我改变了我原来的想法。您有点需要两个原子操作，并且您需要一个保留的索引值（0xffff）来为队列上的非原子操作旋转：

// I'll have the functions atomic_incr() and atomic_decr().  The assumption here
// is that they do the operation and return the value as it was prior to the
// increment/decrement.  I'll also assume they work correctly for both int and
// unsigned short types.
unsigned short atomic_incr( unsigned short & );
int atomic_incr( int & );
int atomic_decr( int & );

所以分配是这样的：

T* alloc()
{
    // Check the queue size.  If it's zero (or less) we need to pass on
    // to the next pool and/or allocate a new one.
    if( nCount <= 0 ) {
        return alloc_extend();
    }

    int count = atomic_decr(nCount);
    if( count <= 0 ) {
        T *mem = alloc_extend();
        atomic_incr(nCount);     // undo
        return mem;
    }

    // We are guaranteed that there is at least 1 element in the list for us.
    // This will overflow naturally to achieve modulo by 65536.  You can only
    // deal with queue sizes that are a power of 2.  If you want 32768 values,
    // for example, you must do this: head &= 0x7fff;
    unsigned short head = atomic_incr(nHead);

    // Spin until the element is valid (use a reference)
    unsigned short & idx = freeList[head];
    while( idx == 0xffff );

    // Grab the pool item, and blitz the index from the queue
    T * mem = &poolBuffer[idx];
    idx = 0xffff;

    return mem;
};

上面使用了一个新的私有成员函数：

T * alloc_extend()
{
    if( nextPool == NULL ) {
        acquire_mutex_here();
        if( nextPool == NULL ) nextPool = new MemPool<T>;
        release_mutex_here();
        if( nextPool == NULL ) return NULL;
    }
    return nextPool->alloc();
}

当你想释放时：

void free(T* mem)
{
    // Find the right pool to free from.
    if( mem < &poolBuffer.front() || mem > &poolBuffer.back() )
    {
        if( nextPool ) nextPool->free(mem);
        return;
    }

    // You might want to maintain a bitset that indicates whether the memory has
    // actually been allocated so you don't corrupt your pool here, but I won't
    // do that in this example...

    // Work out the index.  Hope my pointer arithmetic is correct here.
    unsigned short idx = (unsigned short)(mem - &poolBuffer.front());

    // Push index back onto the queue.  As with alloc(), you might want to
    // use a mask on the tail to achieve modulo.
    int tail = atomic_incr(nTail);
    freeList[tail] = idx;

    // Don't need to check the list size.  We assume everything is sane. =)
    atomic_incr(nCount);
}

Notice I used the value 0xffff, effectively as a NULL. The setting, clearing and spinning on this value are there to prevent a race situation. You cannot guarantee that it is safe to leave old data in the queue when multiple threads may be calling free while you have other threads calling alloc. Your queue will be cycling through, but the data in it might not be set yet.
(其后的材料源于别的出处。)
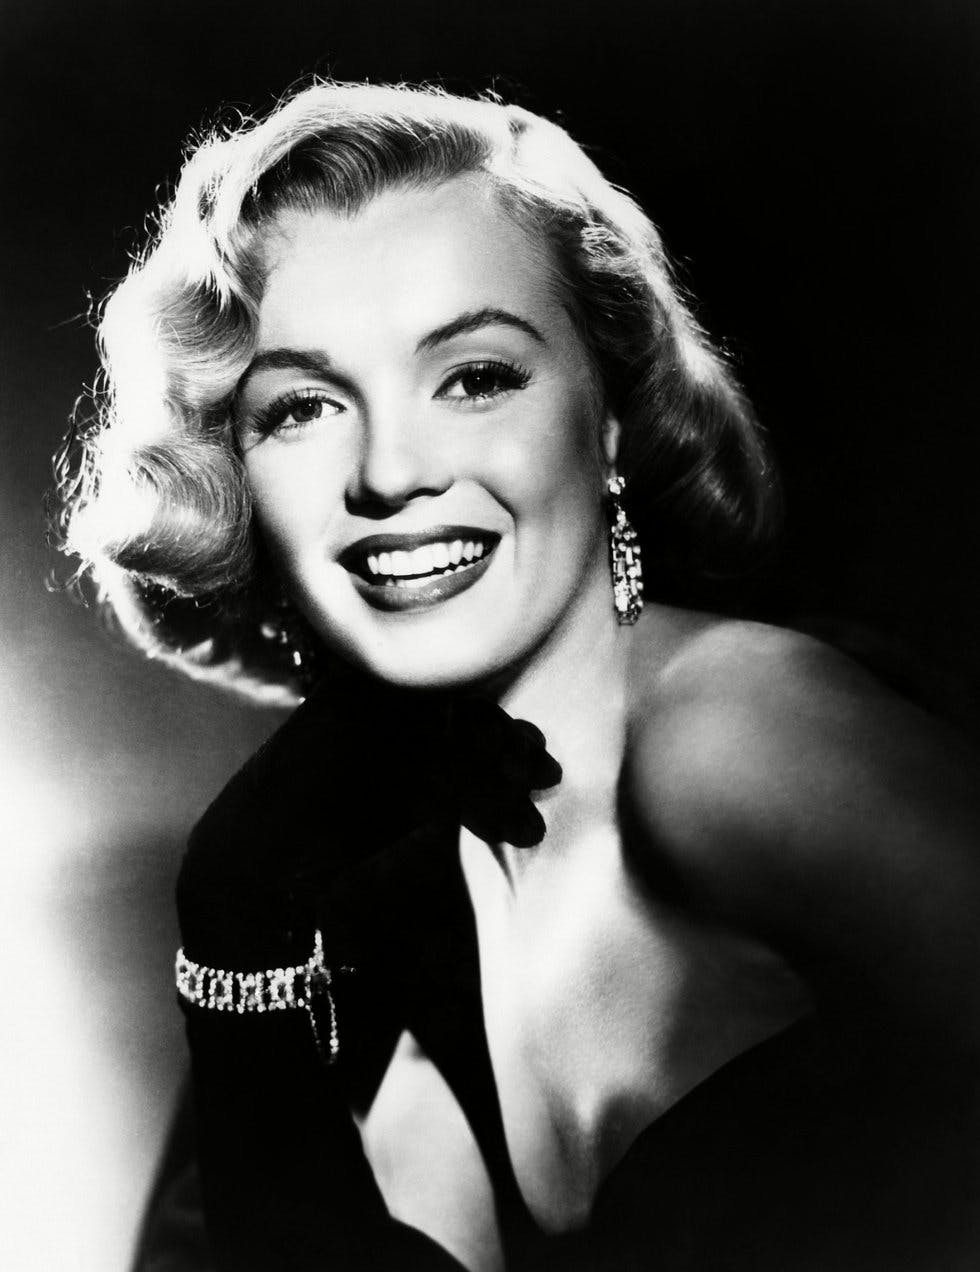 Marilyn Monroe actor “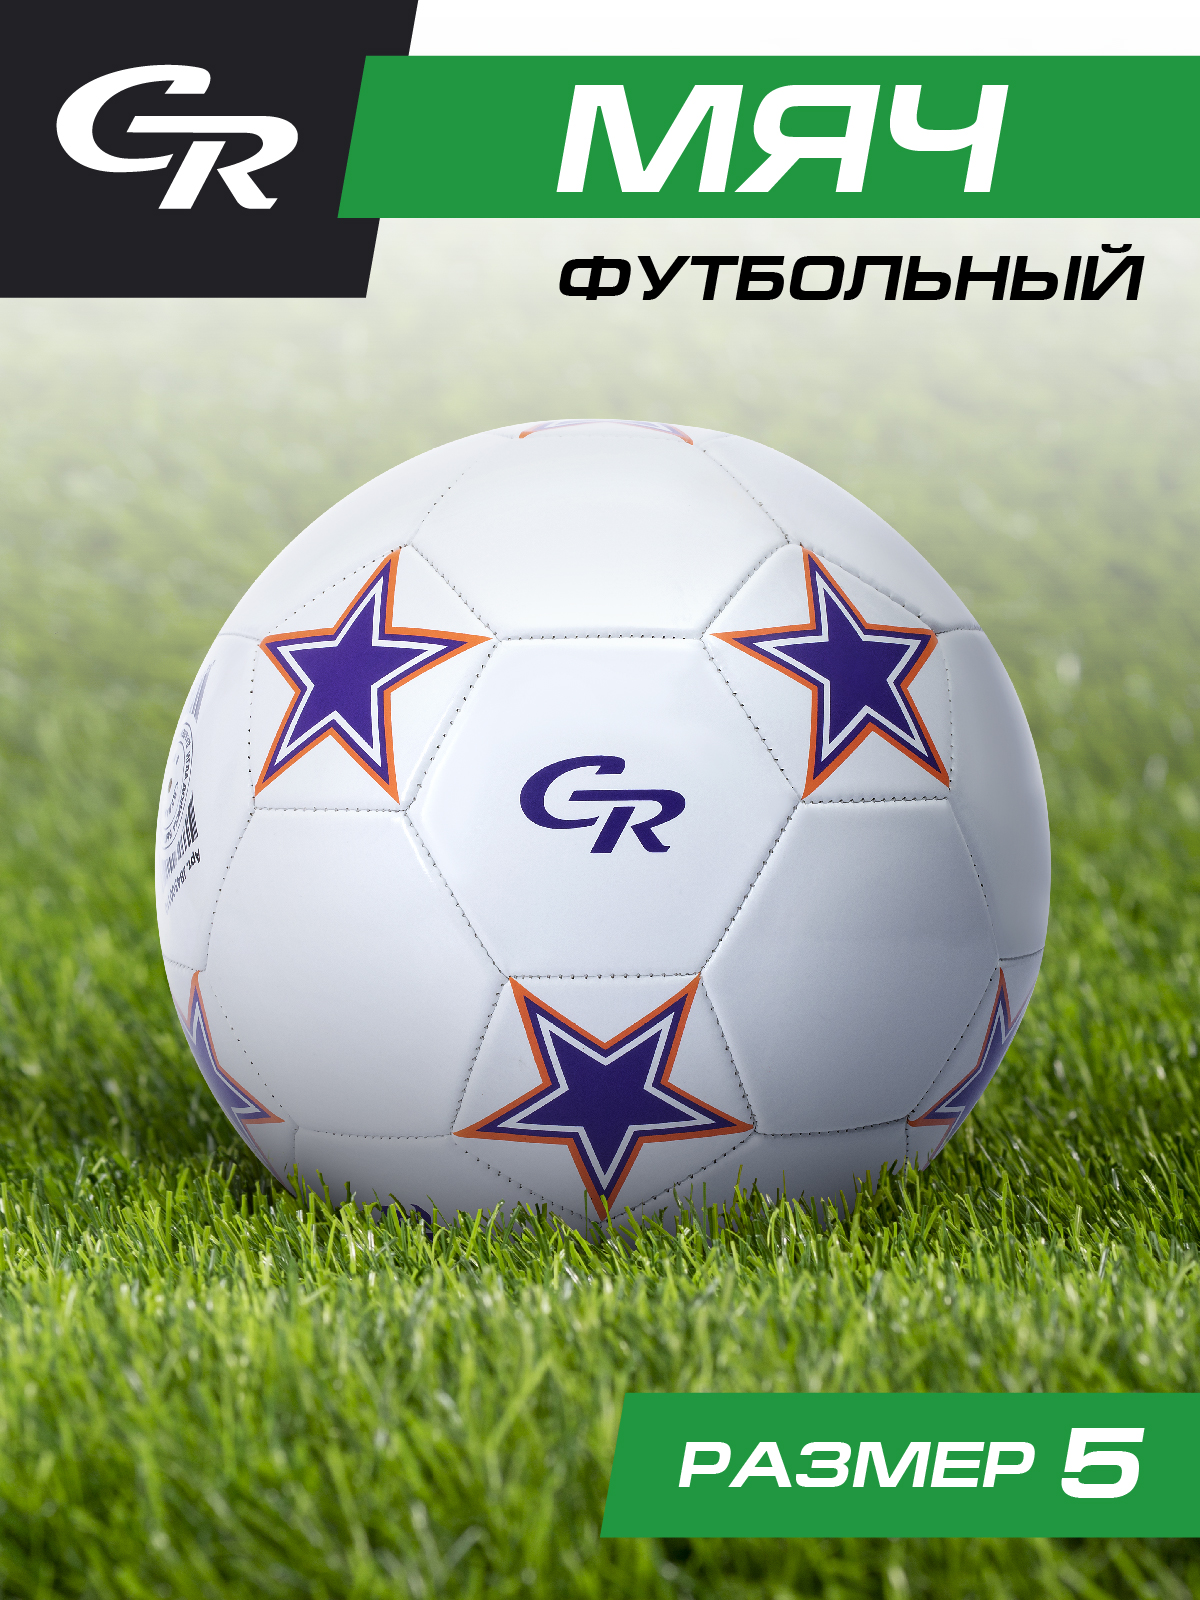 Мяч футбольный ТМ City Ride, 3-слойный, сшитые панели, ПВХ, размер 5, диаметр 22,JB4300110

Instead of indices, of course, you could just use pointers. But that is 4 bytes (or 8 bytes on a 64-bit application) and the memory overhead might not be worth it, depending on the data size you are pooling. Personally, I would use pointers, but for some reason it seemed easier to use indices in this answer.